城郭フォーラム 佐々木六角 観音寺城 (日本最大の中世石垣城郭を廻る)
お城のデータ
所在地:蒲生郡安土町石寺 map:http://yahoo.jp/SXqpLH
別 名:佐々木城
築城期:応仁・文明年間(1467~1487)
築城者:佐々木氏頼
初城主:佐々木六角氏
区 分:山城
遺 構:本丸,平井丸,落合丸,池田丸,淡路丸,土塁,石垣,井戸,暗渠,埋め門
城 域:2500m×2000m
標 高:433m 比高差:325m
戦 い: 永禄6年(1563)○六角家臣・浅井長政 VS ●六角義治・六角承禎
永禄11年(1568)○織田信長 VS ●六角承禎
目標地:観音正寺
駐車場:観音正寺駐車場
訪城日:2016.3.26
お城の概要
観音寺城は標高433mの繖山一帯に築かれた山城で、登城道は幾つもあるが、一般的には石寺地区、桑実寺から徒歩で登るルートと、途中まで車を利用して登るルートがある。車を使用する場合は、東近江市五箇荘川並町から林道、若しくは安土町の鳥打腰から林道を利用するとよい。管理費500円が必要。徒歩なら1時間、車なら約20分観音正寺に着く。
観音寺城本丸は、観音正寺から更に15分ほど登る。
山中には至る所に石垣が見られ、山全体が城塞化されており、これらの石垣遺構は弘治2年(1556)より六角義賢が改修したものとされる。

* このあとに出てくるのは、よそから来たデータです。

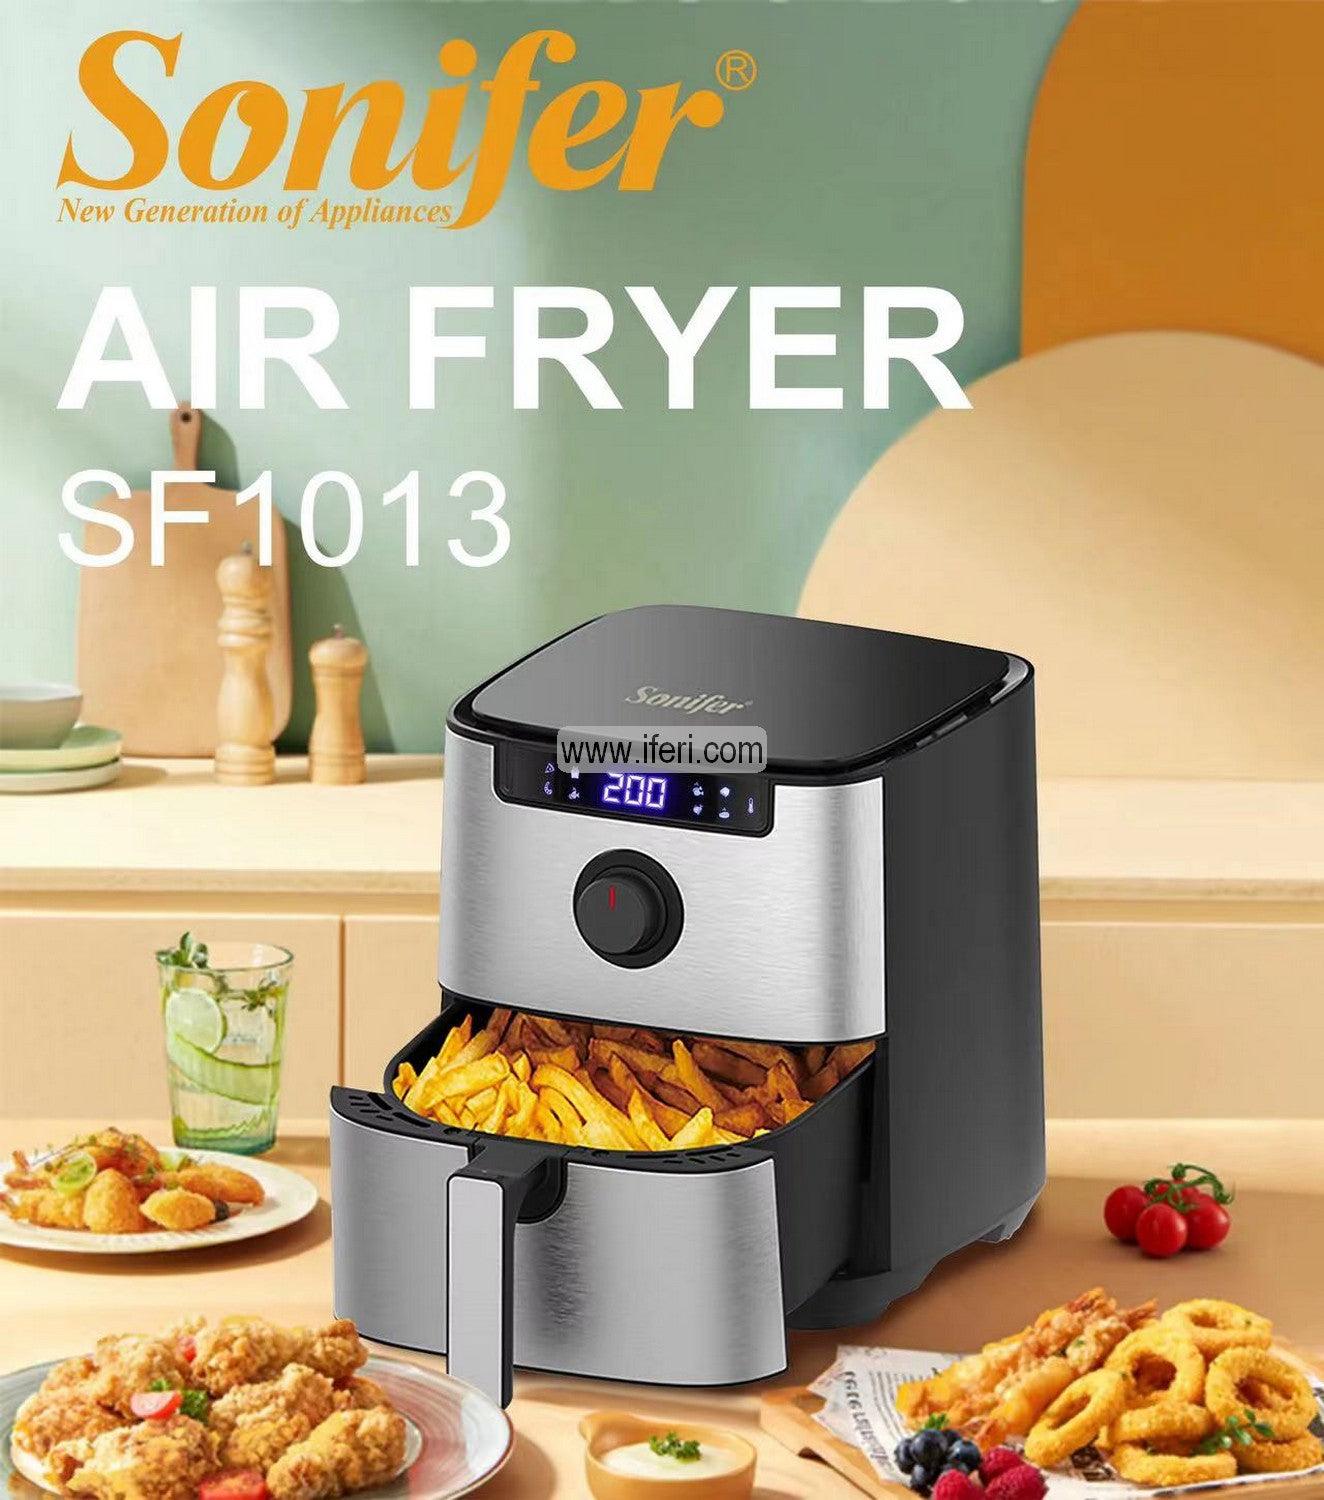 Sonifer 1450W Air Fryer SF-1013 Price in Bangladesh - iferi.com

中でも、本丸の薬師口(桑実寺方面)の食違い虎口は、永禄11年の信長の近江侵攻以前に築かれていたものであり、永禄年間における六角氏の築城、縄張り技術を考察する上では非常に貴重な遺構と云える。
また、平井丸の大石で組まれた石垣の算木積みの技法、あるいは池田丸等の石垣には “横目地” が通っていること等を観ていくと、天正4年(1575)から始まる安土城築城以前の近江における石積み技術の高さを窺い知ることが出来る。
『金剛輪寺下倉米銭下用帳』に、観音寺城における高度な石積み技術を示すのが、馬淵邸付近にある7mを越える高石垣や大手道にある6mほどの高石垣の存在と、本丸東側の階段中腹に観られる排水用の暗渠や池田丸の曲輪内部に観られる排水枡である。高度な排水対策が施され400年以上も見事な石垣が崩れることなく残る。近世城郭に先行して築かれた “石垣造りの観音寺城” の存在意義はに大きい。
お城の歴史
観音寺城は標高433mの繖山(きぬがさ山)に築かれた近江源氏・佐々本六角氏の居城で、六角氏が、いつごろ繖山に城砦を築いたのかは明らかではないが、建武2年(1335)足利尊氏についた氏頼(時信という説もある)が、奥州より攻め上ってきた北畠顕家軍を阻止しようとして、観音寺の城郭に立て龍もったという「太平記」の記述が初見。
信長の近江侵略
永禄11年(1568)織田信長が第15代将軍足利義昭を奉じて上洛する際に、これを阻止しようとした六角承禎(義賢)、義弼父子は箕作城や和田山城をはじめとする諸城に籠もって戦うが、支えきれず甲賀に遁走し、観音寺城は落城した。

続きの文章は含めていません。